__What you will do__: When you reach a picture, leave it out; output everything else in the records exactly.

__Supplied material__:

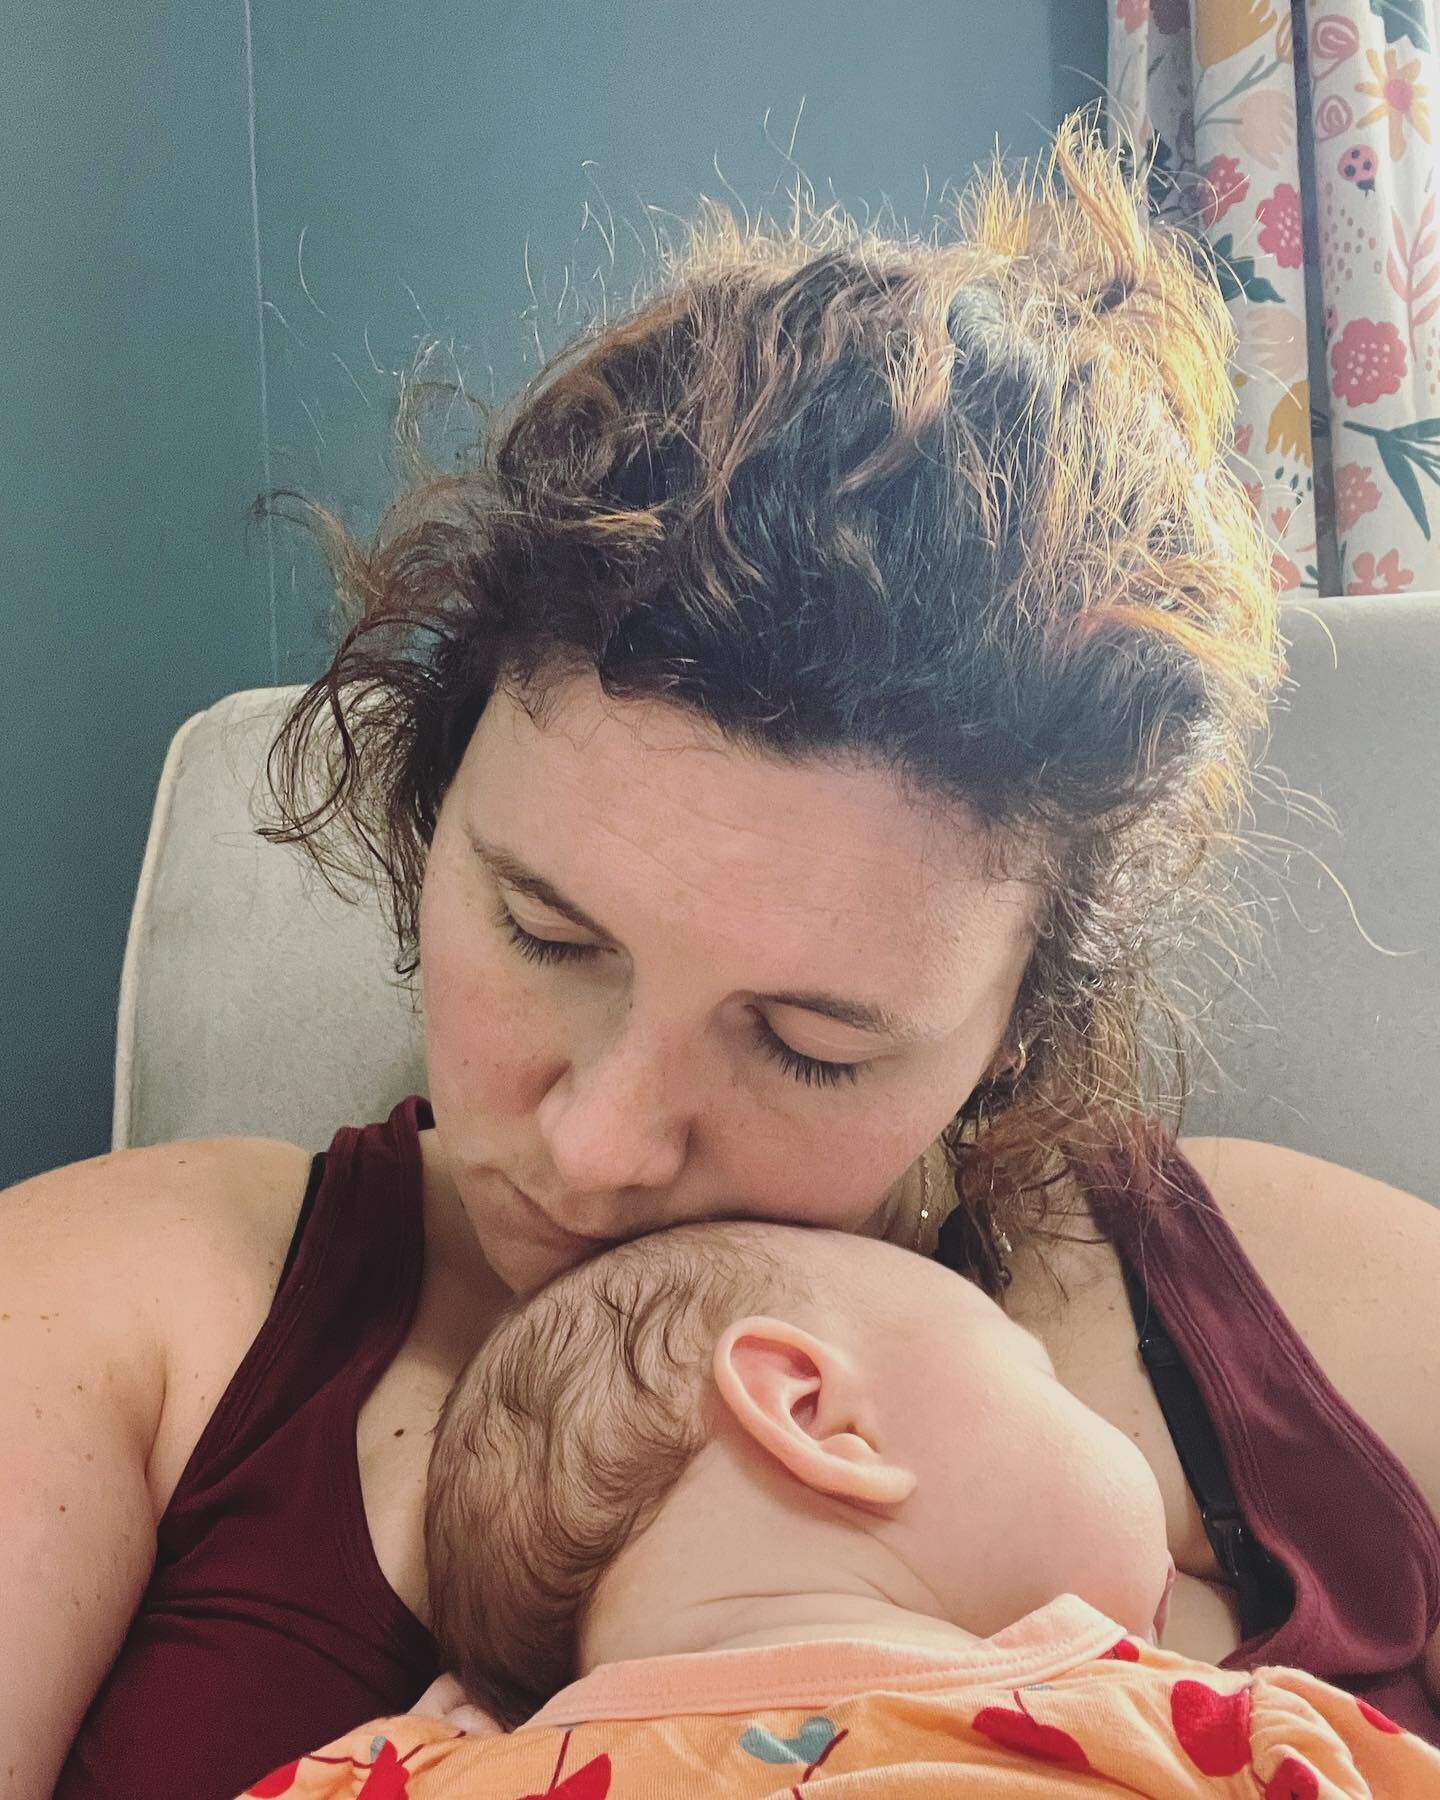 A poem from the newborn days:

Never has the saying
&lsquo;babies don&rsquo;t keep&rsquo;
felt more poignant
than when watch the two little babies
turned rambunctious boys
playing balloon keep-away
in the living room.

Our third curled sleeping on my

__Solved problem__:
 A poem from the newborn days:

Never has the saying
&lsquo;babies don&rsquo;t keep&rsquo;
felt more poignant
than when watch the two little babies
turned rambunctious boys
playing balloon keep-away
in the living room.

Our third curled sleeping on my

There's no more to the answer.